No technical manual, fancy art theories, not even biographies of your favorite artists, can answer these questions for you. As sure as death and tax, neither will they ever go away. And if I may add, ninety percent of the time, you are in this all alone. There's just no way around this alone business in what you do in the studio. In fact, if you can be perfectly alone (which isn't that easy), you might even get somewhere.

The only light (albeit dimly) I have in getting myself out of the dark hole of arty existentialism, is to meet it half-way and drop myself loose in a counter attack. By accepting the unknown, I get a chance of turning it into the rabbit hole Alice finds herself falling into, and to have a time of adventure.

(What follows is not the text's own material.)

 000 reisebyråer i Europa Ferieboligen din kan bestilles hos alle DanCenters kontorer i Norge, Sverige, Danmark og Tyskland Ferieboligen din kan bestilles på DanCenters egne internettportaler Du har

In other words, when in doubt, work.

Friday, March 4, 2011

Dog Chair

Our dog Barney prefers a canvas armchair to fluffy doggy beds. 

Summer 2010


March, 2011

Wednesday, March 2, 2011

Thought Sprout: Pre-Lent

That I am enjoying solitude so much is a little scary to myself. But since Lent is drawing near, I'm making the best of it. I have been weary of excessive navel-gazing, but in context of the kind of dissipated existence I've lead lately, introspection is in order. The coincidence of the need to sit still and the season of Lent is a welcomed one.

I'm looking forward to the end of my teaching season. I've much cleaning up to do, both figuratively and literally. The studio life is in bad need of a routine. More than anything else (excluding prayer and liturgical routines), the cultivation of an art habit must be front and center. Until now my production has been dependent on show deadlines and commitments, rather than the art issues themselves. It would require a fundamental shift in concept and center of gravity, and the highest possible standard. 

It was an exhausting day. Sleep sounds good.